Limitations (prototype)

  • The low-level kernels operate on one layer and one direction at a time; multilayer execution launches one Triton call per layer.
  • Bidirectional and LSTM proj_size are not native Triton kernel paths yet. These configurations currently use a pad-compatible correctness path rather than getting the Triton speedup.
  • The autograd wrapper saves per-layer gate activations explicitly, so activation memory scales linearly with layer count and can exceed cuDNN's opaque reserve_space footprint.
  • Shape changes can trigger separate Triton compilation/autotune. Fixed training shapes are the intended fast path.
  • Backward uses tl.atomic_add for reset-state gradients, so deterministic mode is not implemented yet.

Numerical correctness

Forward + backward match the pad backend within TF32 noise (~5e-4 rel err for fp32, ~5e-3 for bf16) across multiple shape / reset_prob combinations. The test coverage now includes multilayer GRU/LSTM, dropout train/eval behavior, bidirectional/projection correctness fallback, and LSTM losses that backpropagate through ("next", "hidden1").

Performance (H100, B=2048, T=256, H=128, fp32, fwd+bwd)
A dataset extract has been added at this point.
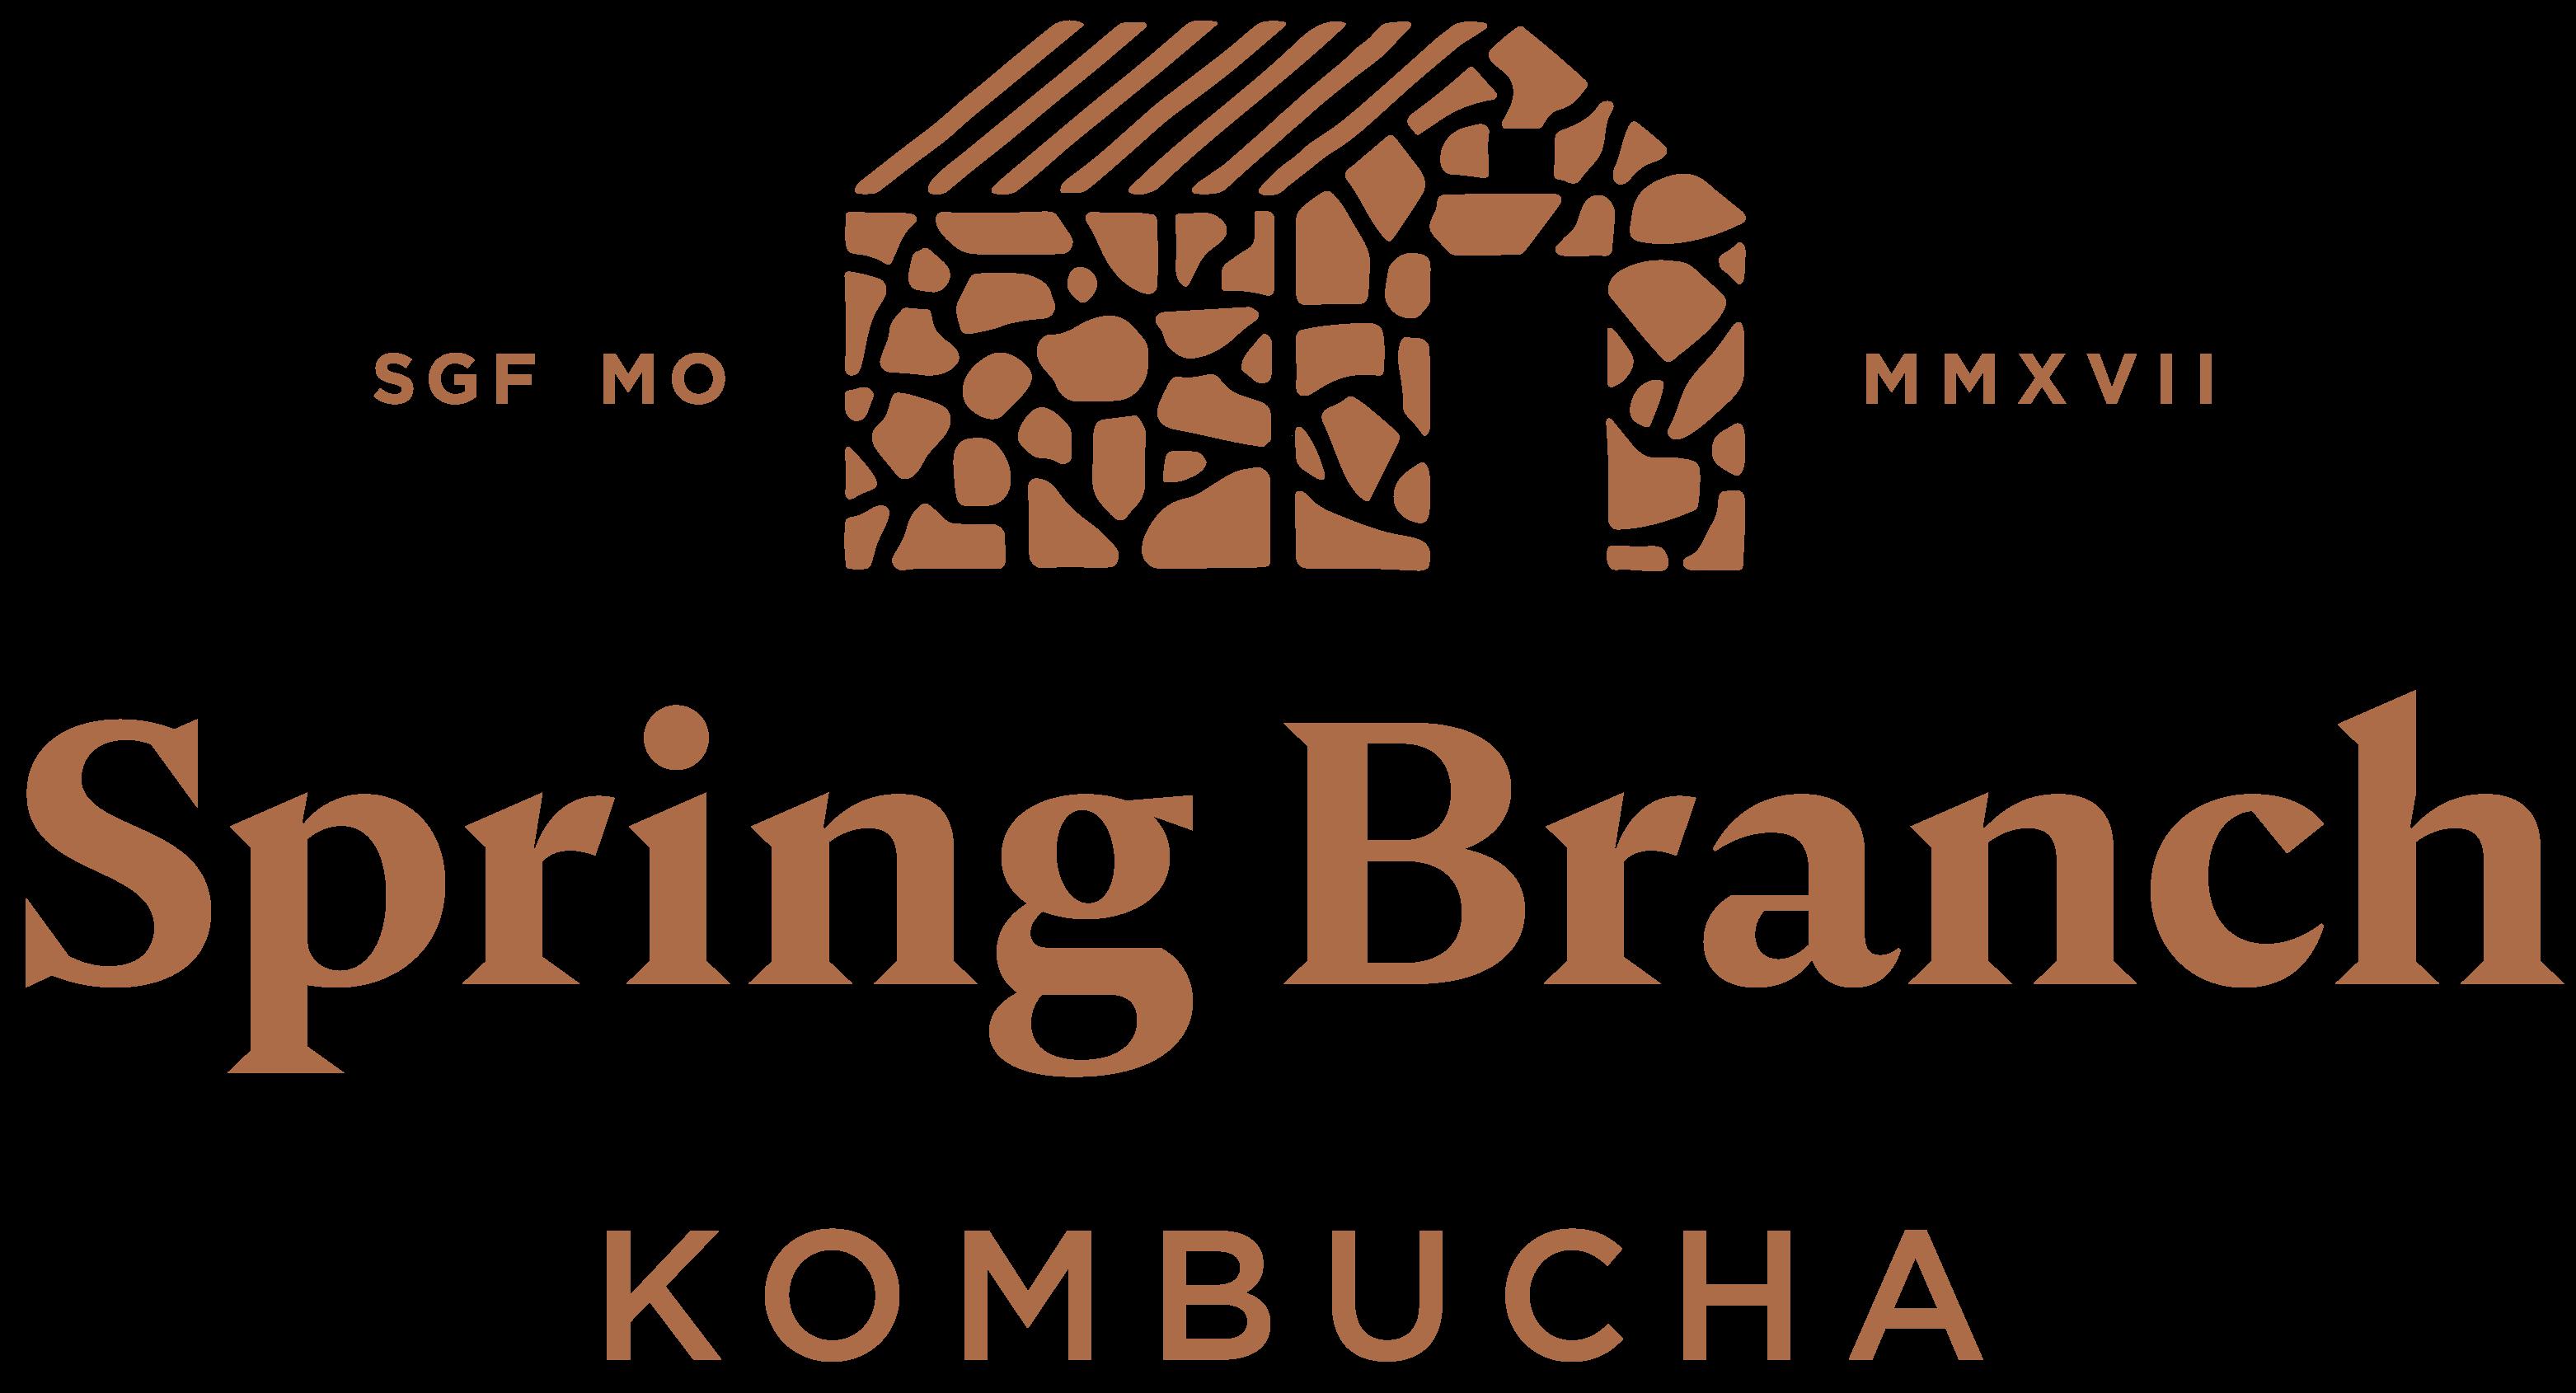 Spring Branch Kombucha logo

reset_prob cuDNN (pad) scan_compile triton
0% 33.8 ms 70.9 ms 11.7 ms
1% 309.1 ms 71.1 ms 11.7 ms
10% 310.6 ms 71.2 ms 11.7 ms

Triton is reset-invariant and 5–25x faster than cuDNN at non-zero reset probabilities. cuDNN still wins at reset=0% for LSTM at H>=256 (its persistent-LSTM path is hard to beat without TMA + warp specialisation). The gap is small for GRU.

Test plan

  • test/test_tensordictmodules.py::TestLSTMModule::test_lstm_module_triton_backend_matches_pad — forward agreement vs pad at H in {16, 64} x {fp32, bf16}, with several mid-rollout resets.
  • test/test_tensordictmodules.py::TestLSTMModule::test_lstm_module_triton_backward — gradient agreement vs pad at H=64.
  • test/test_tensordictmodules.py::TestLSTMModule::test_lstm_module_triton_extended_forward_matches_pad — multilayer, dropout train/eval, bidirectional fallback, projection fallback, and combined projected bidirectional LSTM forward parity.
  • test/test_tensordictmodules.py::TestLSTMModule::test_lstm_module_triton_extended_backward_matches_pad — multilayer, bidirectional fallback, projection fallback, and intermediate cell-state gradient parity.
  • Same coverage for GRUModule where applicable.
  • All tests skip cleanly when triton is unavailable or CUDA is missing.
  • benchmarks/bench_gru_reset_backends.py extended with triton_td, num_layers, dropout sweeps, and optional torch.compile flags.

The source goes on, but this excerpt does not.